I think I have a very old (I emphasized it again in another comment) comment which isn't addressed (https://reviews.llvm.org/D82826#2126406 )
We should align with GNU as on the largest operand .nops supports.

I think it's probably better to address that in a separate patch as the this patch is focused on adding support to .nops directive, similar to this comment https://reviews.llvm.org/D82826?id=275853#inline-765965.

craig.topper added inline comments.Wed, Jul 22, 5:43 PM
llvm/include/llvm/MC/MCFragment.h
358

Was this comment addressed? I'm not sure what the variable was called when @reames made this comment.

llvm/lib/MC/MCAssembler.cpp
628

Should we put Asm.getBackend().getMaximumNopSize() into a variable? We call it 3 times.

634

Should we clamp the NopLength if we hit the error case? reportError won't stop immediately. Or are we relying on writeNopData to not exceed the maximum size internally?

637

Maybe just use a if statement here for !NopLength

644

I think he was refering to writeNopData. I suppose we could add a limit parameter to writeNopData, but every target would need to be updated for it.

llvm/test/MC/X86/x86-directive-nops-errors.s
6

Please use X86 rather than X32. X32 gets confusing with gnux32 where 32-bit pointers are used on a 64-bit target.

jcai19 marked an inline comment as done.Thu, Jul 23, 3:02 PM
jcai19 added inline comments.
llvm/include/llvm/MC/MCFragment.h
358

It was called NopLength. The name was confusing because I called it NopLength here but the same value MaxNopLength somewhere so @reames suggested me to rename it to MaxNopLength . While working on that I realized this value was meant to specify a soft cap on the size limit of a no-op instruction, i.e. the second argument (control) as https://sourceware.org/binutils/docs/as/Nops.html#Nops specified, so I kept the name to avoid the confusion with the function name getMaximumNopSize, which returns a "hard cap" LLVM can accept. Any suggestion on what a better name could be? Also I realized MaxNopLen in the newly introduced emitNops function should be renamed once we make a final decision on the naming. Will address other comments together in the next iteration. Thanks!

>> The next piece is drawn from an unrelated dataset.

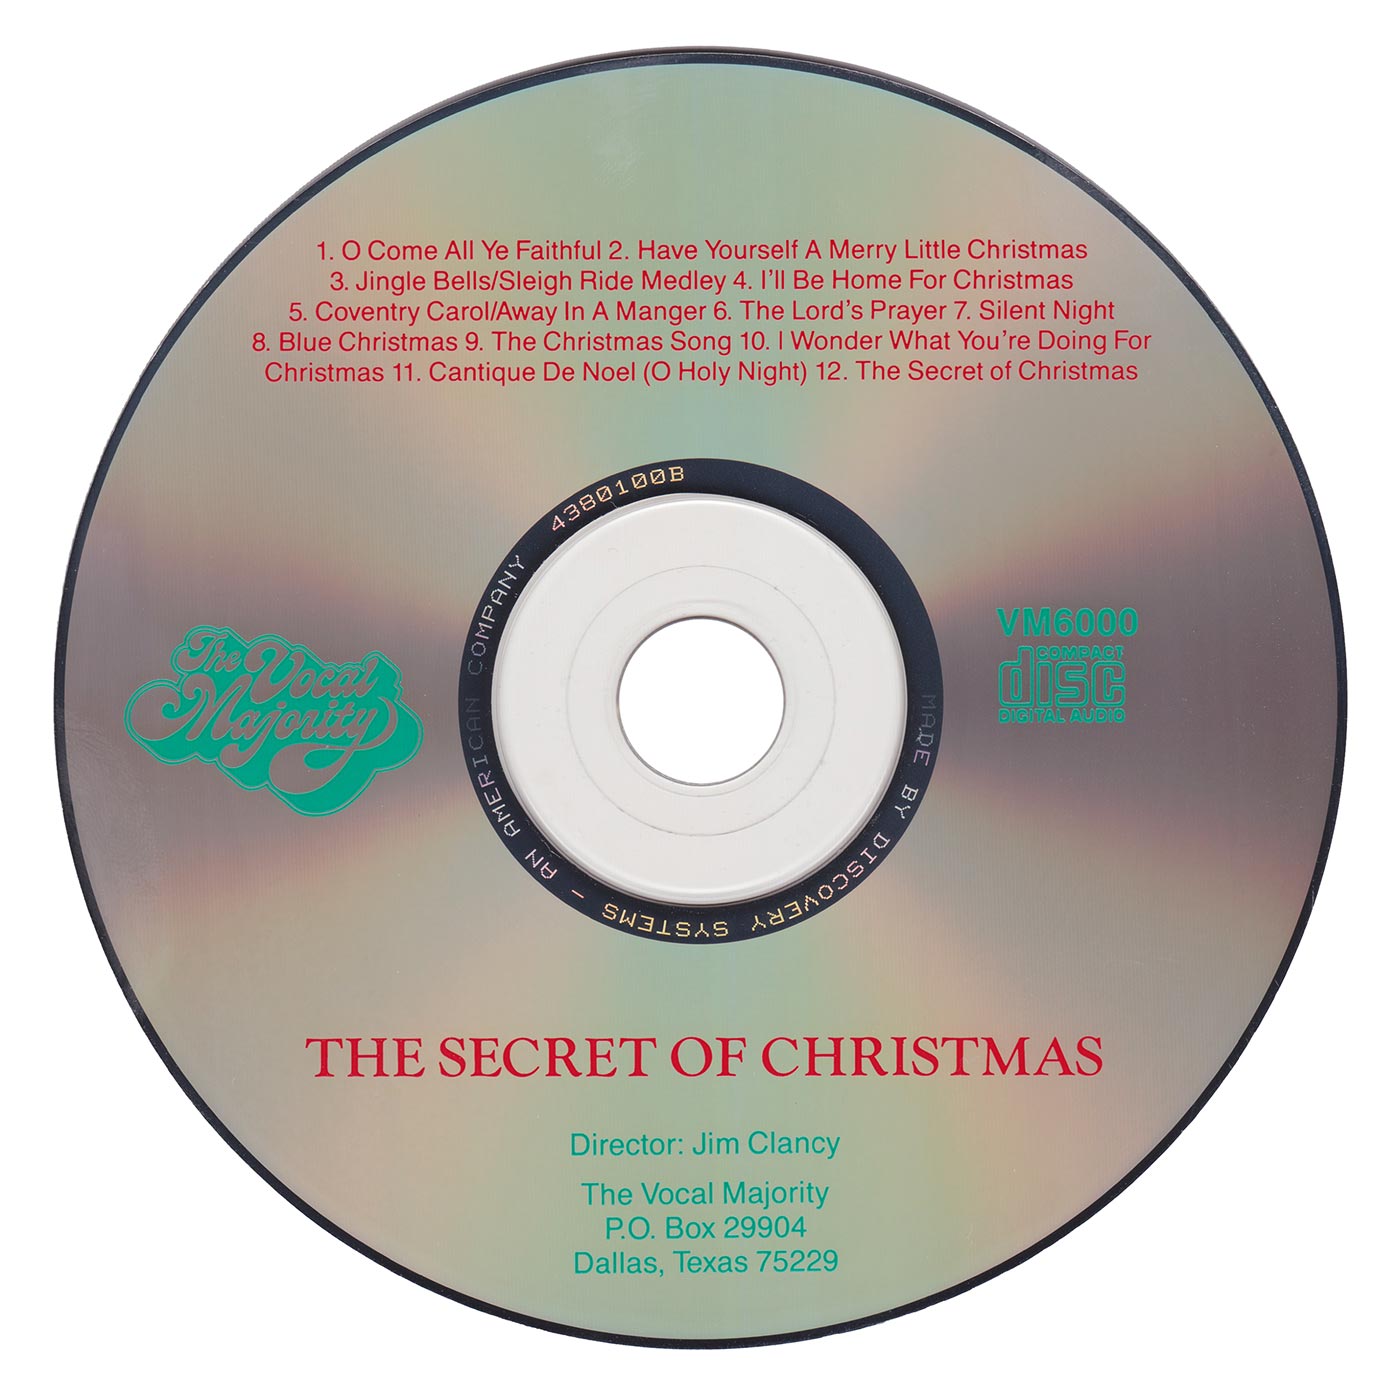 Disc Art: The Secret of Christmas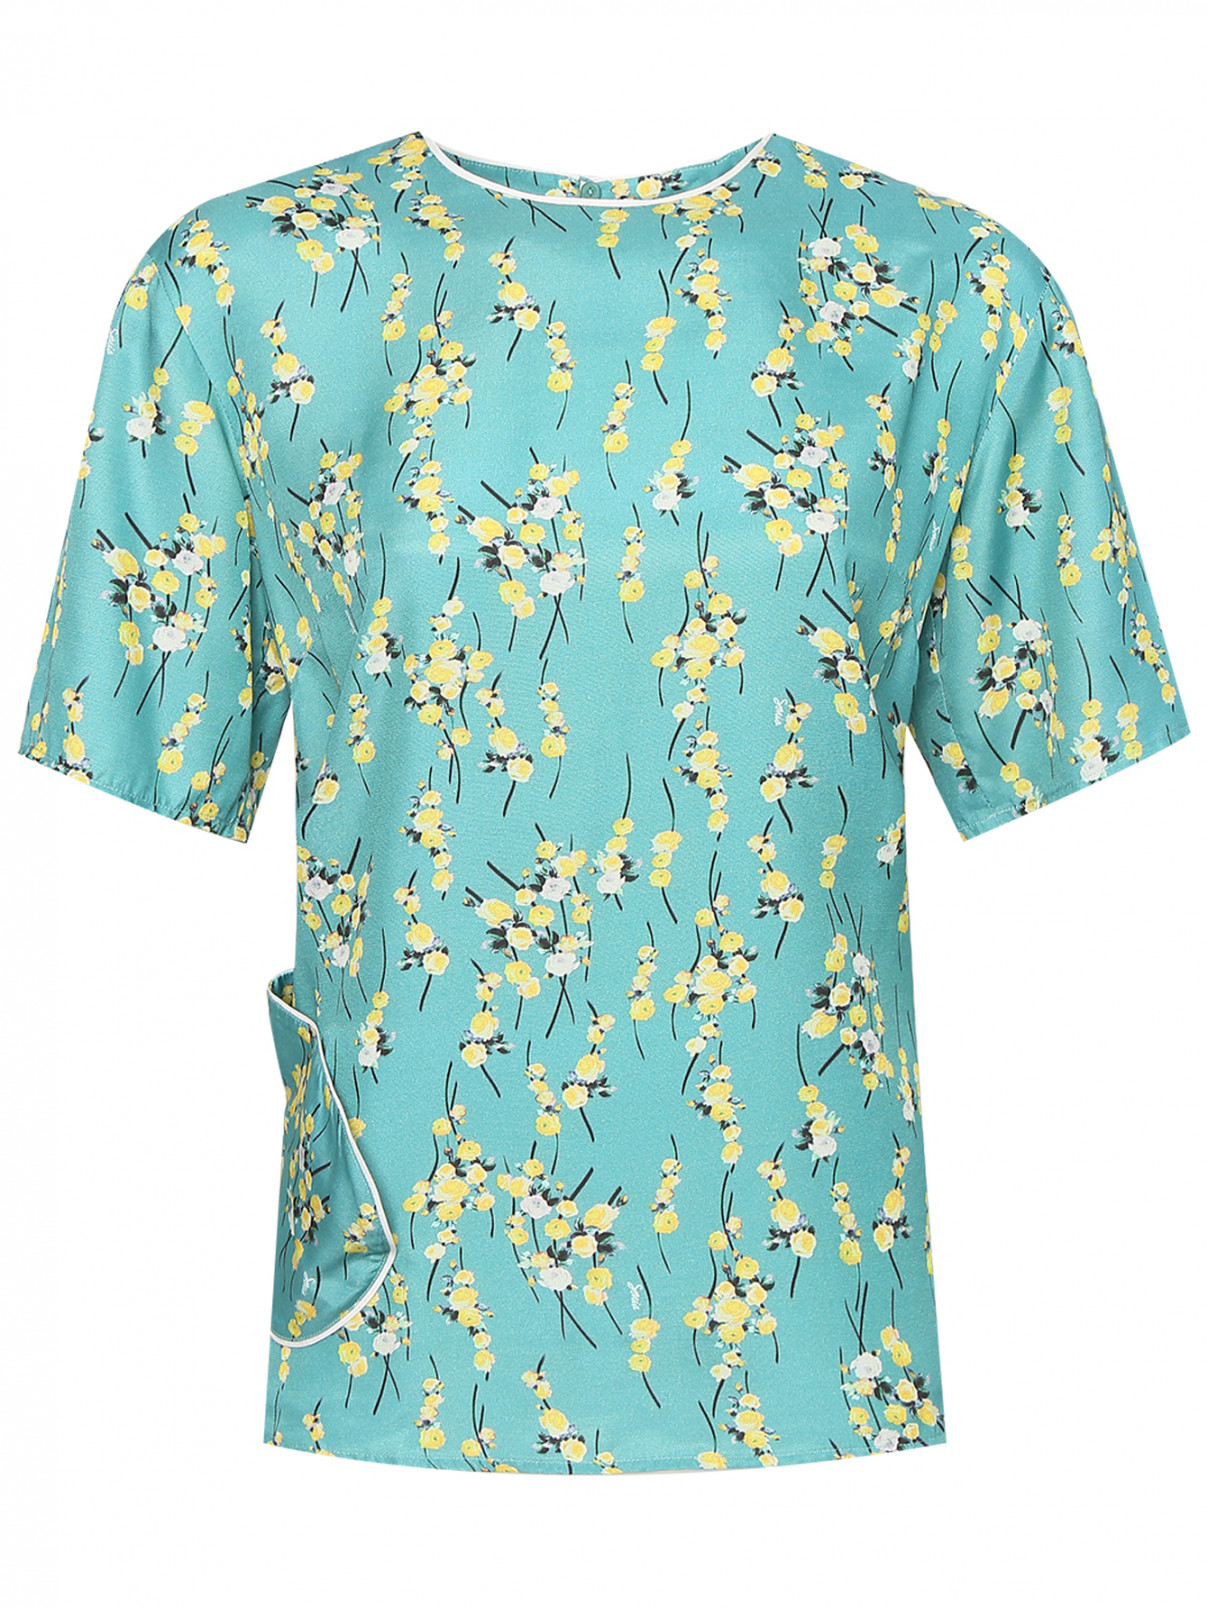 Блуза с короткими рукавами Sonia Rykiel  –  Общий вид  – Цвет:  Синий

jcai19 updated this revision to Diff 282289.Fri, Jul 31, 11:53 AM

Renamed a variable name and addressed comments. @craig.topper Please let me know if it looks any better. And thanks for enabling multibyte-NOPs in 64-bit mode.

LGTM

Thank you!

This revision was not accepted when it landed; it landed in state Needs Review.Mon, Aug 3, 11:51 AM
This revision was landed with ongoing or failed builds.
This revision was automatically updated to reflect the committed changes.